# comment regarder la Télé en direct avec iBooK G4 ?



## Tichka (11 Novembre 2015)

J'ai un vieux iBook G4 sous OS 10.4 que je voudrai utiliser pour regarde la télé. Le problème est que lorsque je me connecte sur le site de France télévision pour accéder aux chaines et je clique sur le lien, la page correspondante ne s'affiche pas. Faut-il mettre à jours quelque chose ? merci pour votre aide


----------



## Invité (11 Novembre 2015)

Peut être essayer de choper le flux avec VLC.
Mais avec mon iBook G4@1,2GHz c'était bien insuffisant pour y arriver

Et c'est du Flash non ?
Avec un PPC c'est un peu bof


----------



## Yuls (11 Novembre 2015)

Je me demande si ce n'est pas du Silverlight sur le site de France Télévision...

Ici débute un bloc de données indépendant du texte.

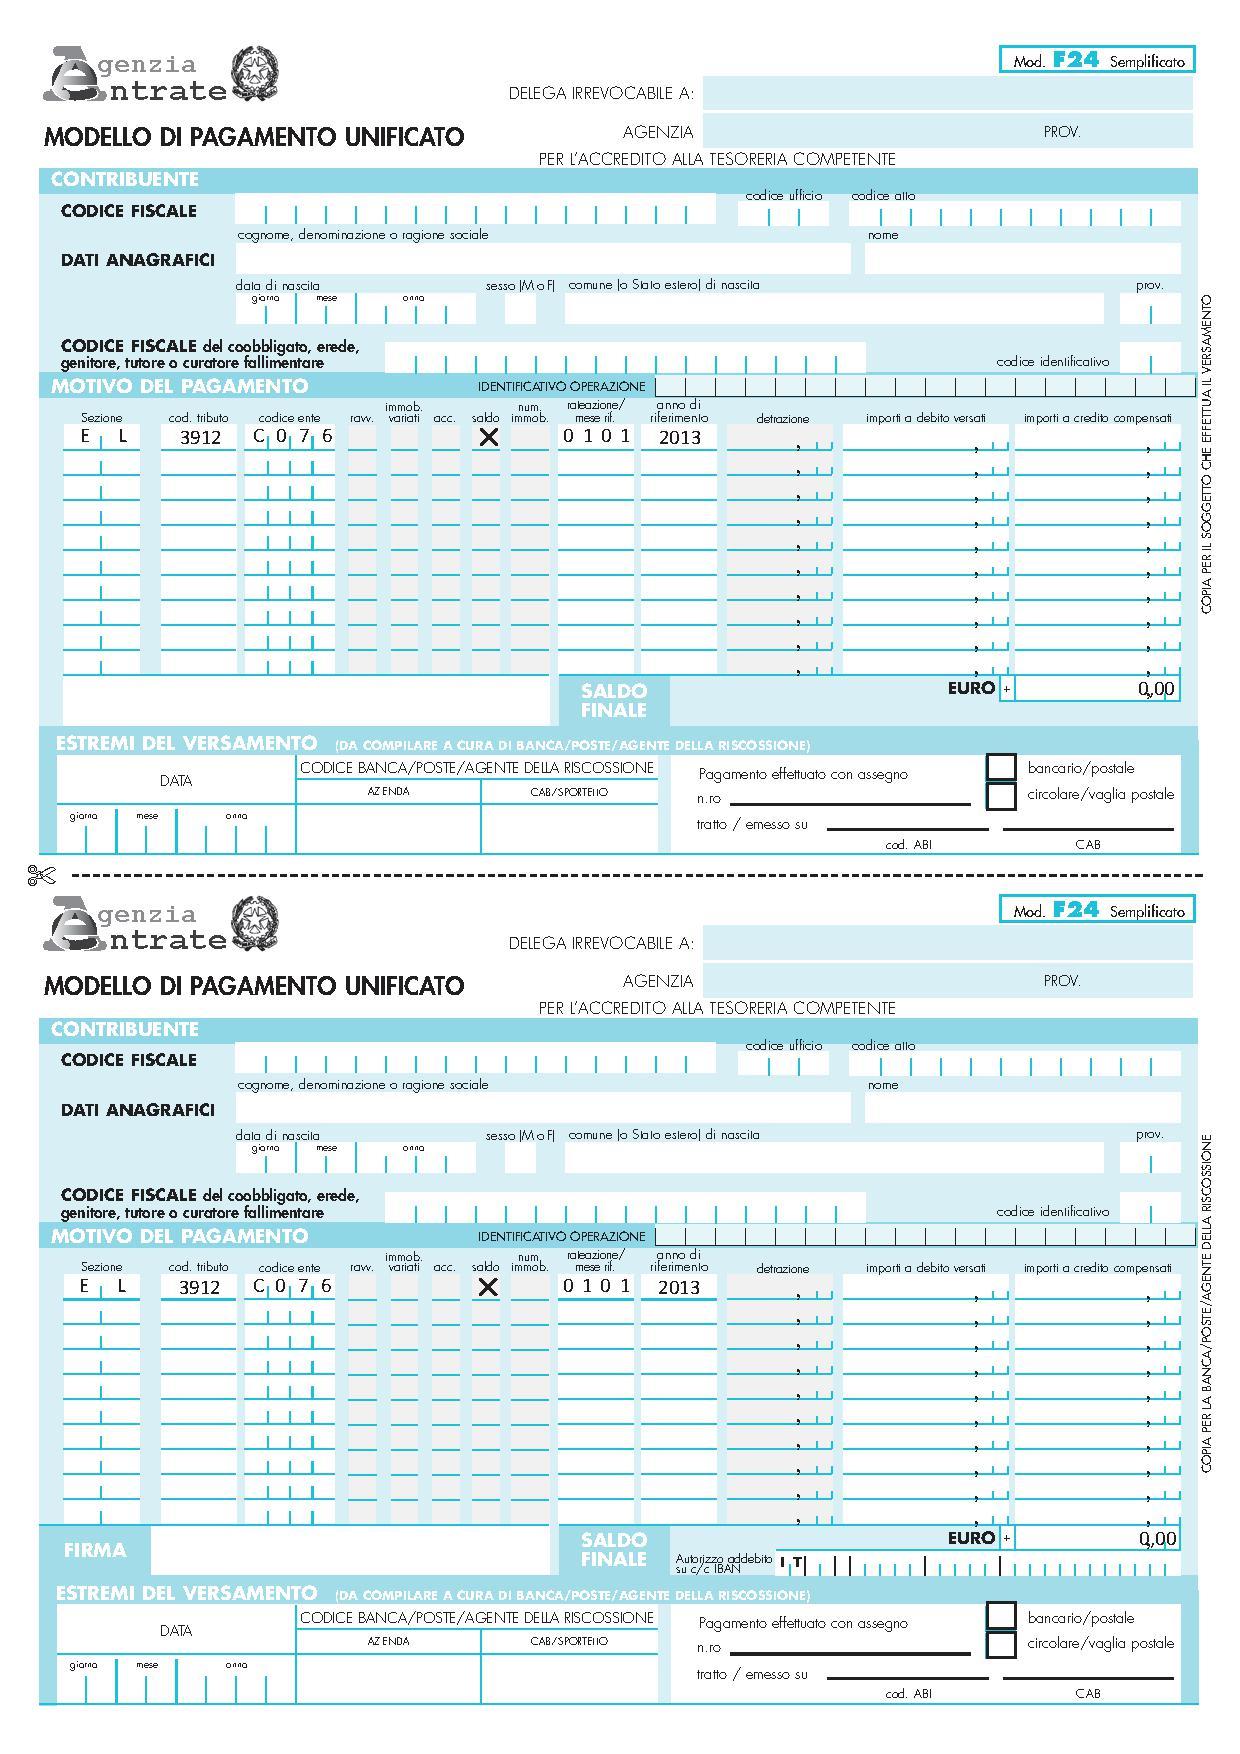 Agenzia delle entrate pagamento imu latest e stato for Pagamento imu

Mais effectivement, un PPC G4 ca commence à faire juste pour consulter les contenus actuels, web et vidéos sur le web


----------



## Invité (11 Novembre 2015)

Yuls a dit:


> Je me demande si ce n'est pas du Silverlight sur le site de France Télévision...
> 
> Mais effectivement, un PPC G4 ca commence à faire juste pour consulter les contenus actuels, web et vidéos sur le web



A priori, le site que j'ai regardé utilise du Flash, puisqu'il a fallu que je l'active pour voir ce qui se passait.
Je ne sais pas si c'est là-dessus que tente de se connecter *Tichka *


----------



## Locke (11 Novembre 2015)

Au départ je pensais qu'il fallait Flash vu que ça m'annonçait module manquant, mais 2 secondes après...


----------



## Invité (11 Novembre 2015)

Locke a dit:


> Au départ je pensais qu'il fallait Flash vu que ça m'annonçait module manquant, mais 2 secondes après...


Oui, je crois que c'est là que je suis allé.
Tu as cliqué pour regarder ?
Perso, je n'avais rien sans avoir activé Flash. Mais je n'ai certainement pas attendu très longtemps avant de le faire…


----------



## Locke (11 Novembre 2015)

Invité a dit:


> Tu as cliqué pour regarder ?


Non, ça c'est déclenché tout seul.


----------



## Tichka (11 Novembre 2015)

Locke a dit:


> Non, ça c'est déclenché tout seul.


Chez moi j'ai le titre de l'émission mais sans la fenêtre vidéo


----------